Which do you have Guts or Balls?!
Question:
Which do you have Guts or Balls?
GUTS - is arriving home late after a night out
with the guys, being met by your wife with a
broom, and having the guts to ask: "Are you still
cleaning, or are you flying somewhere?"
BALLS - is coming home late after a night out
with the guys, smelling of perfume and beer,
lipstick on your collar, slapping your wife on
the @$$ and having the balls to say: "You're
next."
Answers:
Hahaha...verry funny joke. Now here's one for u ...
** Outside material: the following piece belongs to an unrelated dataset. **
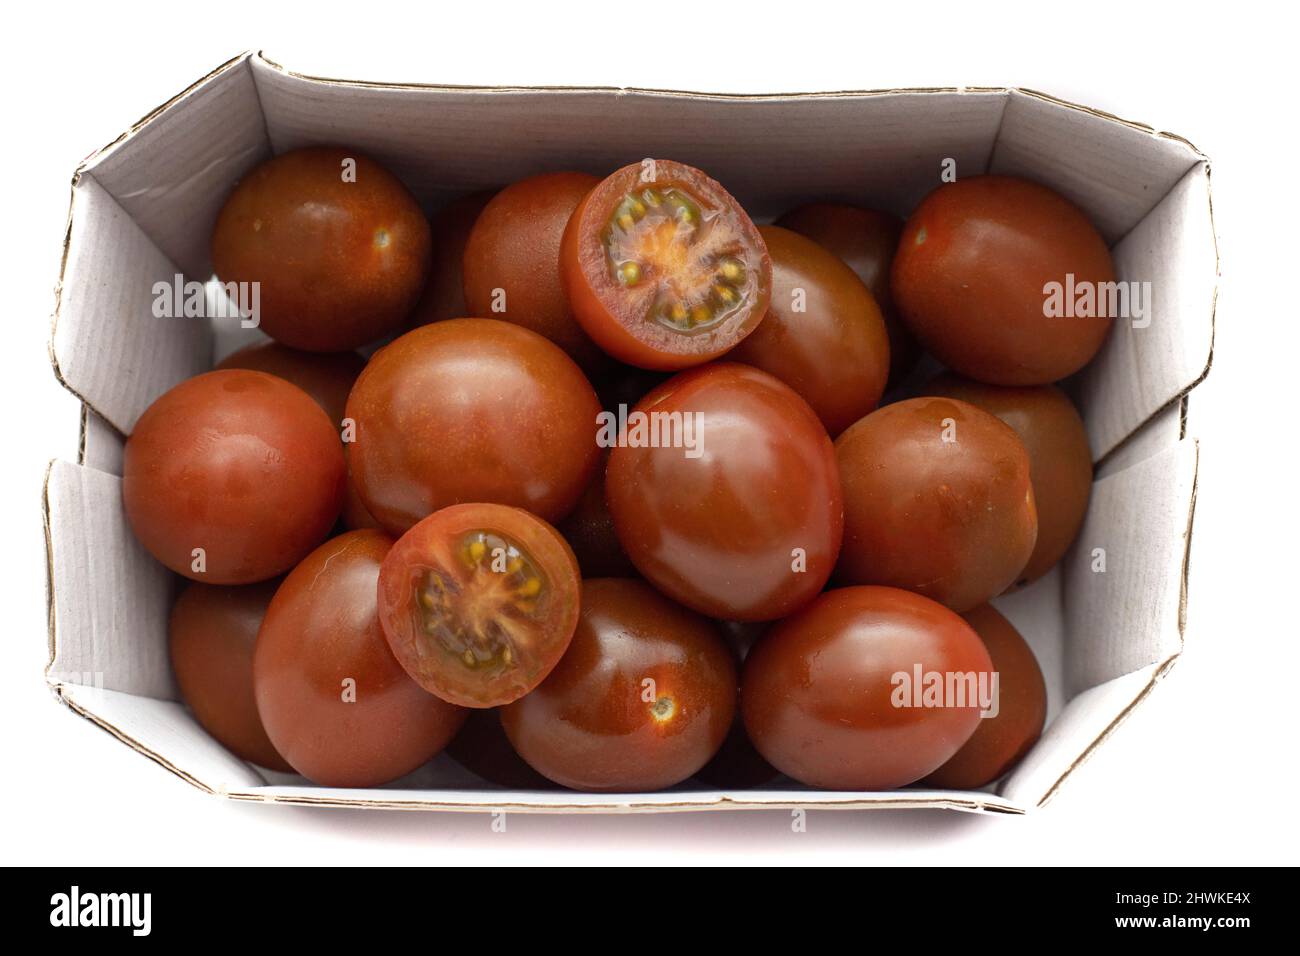 Un carton de tomates cerises, la variété mini kumato. Isolé sur fond blanc. Banque D'Images
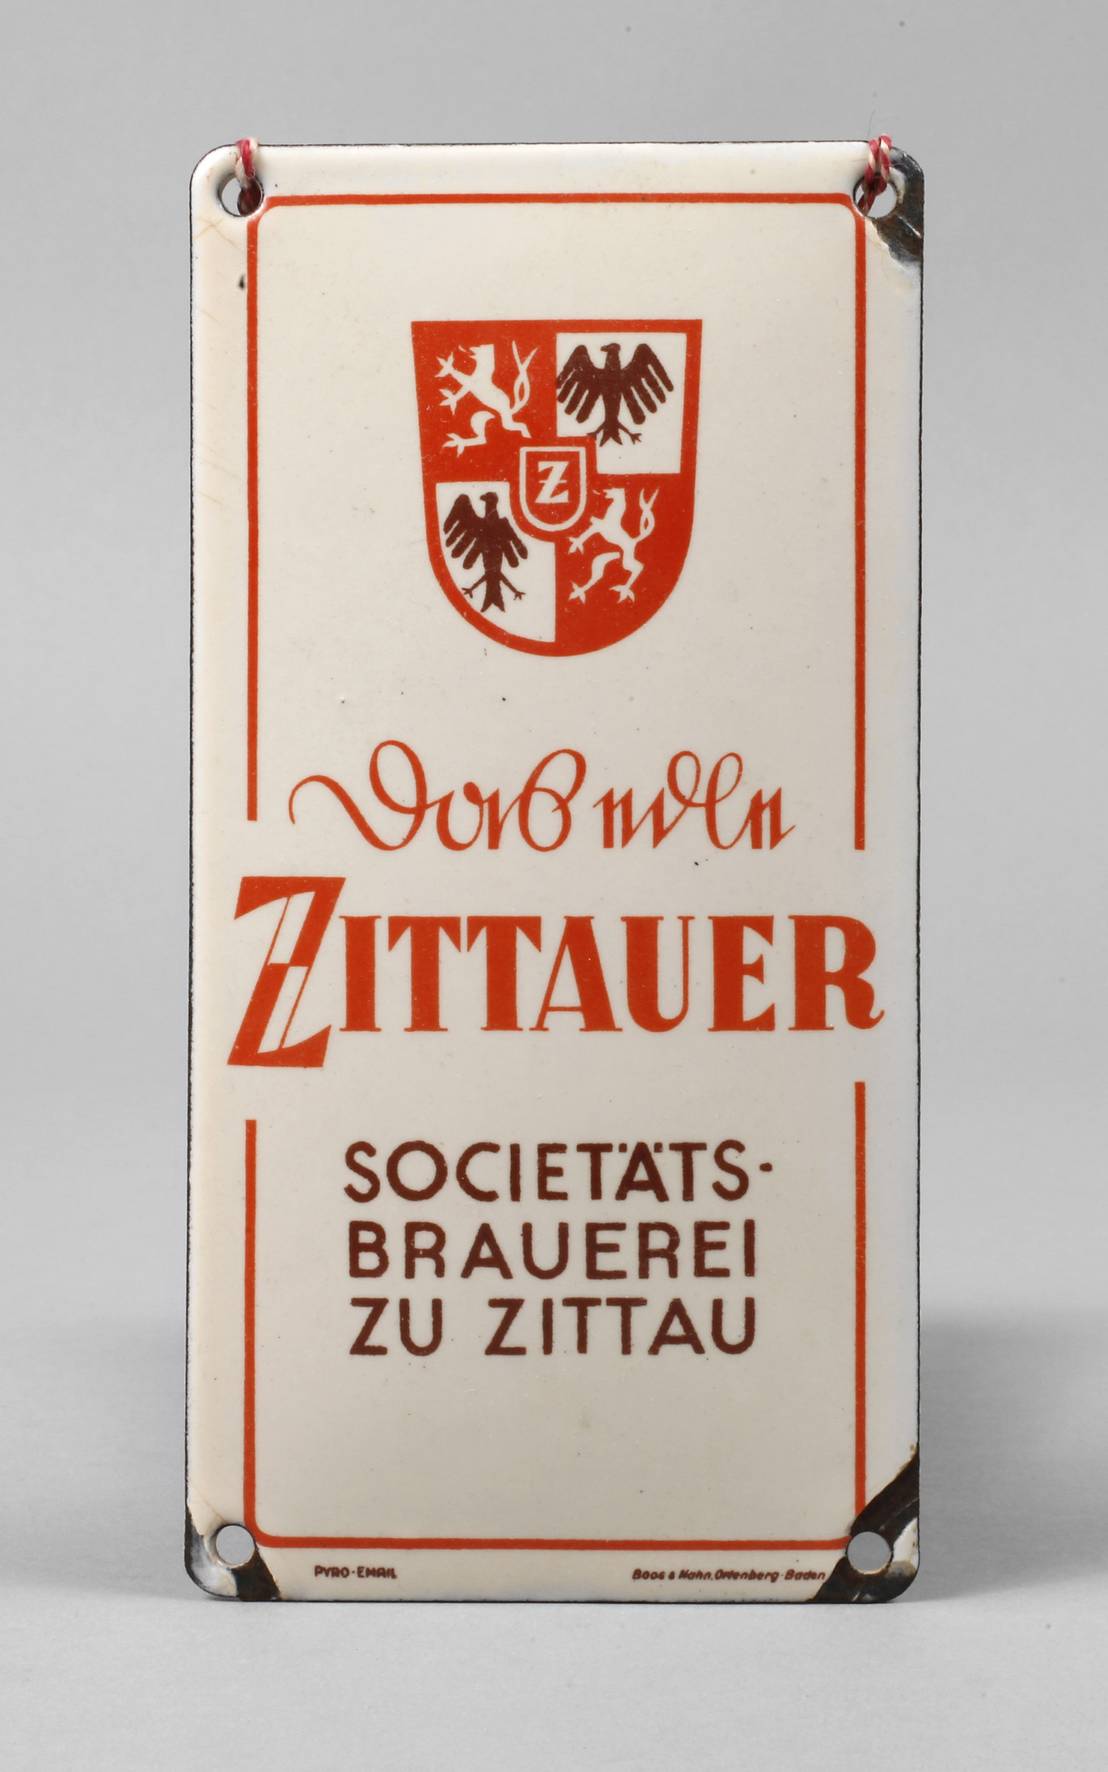 Kleines Emailschild Zittauer Brauerei

Teacher: "Four crows are on the fence. The farmer shoots one. How many are left?"
Little Johnny: "None."
Teacher: "Listen carefully: Four crows are on the fence. The farmer shoots one. How many are left?"
Little Johnny: "None."
Teacher: "Can you explain that answer?"
Little Johnny: "One is shot, the others fly away. There are none left."
Teacher: "Well, that isn't the correct answer, but I like the way you think"
Little Johnny: "Teacher, can I ask a question?"
Teacher: "Sure."
Little Johnny: "There are three women at the ice cream parlor. One is licking, one is biting and one is sucking her ice cream cone. Which one is married?"
Teacher: "The one sucking the cone."
Little Johnny; "No. The one with the wedding ring on, but I like the way you think."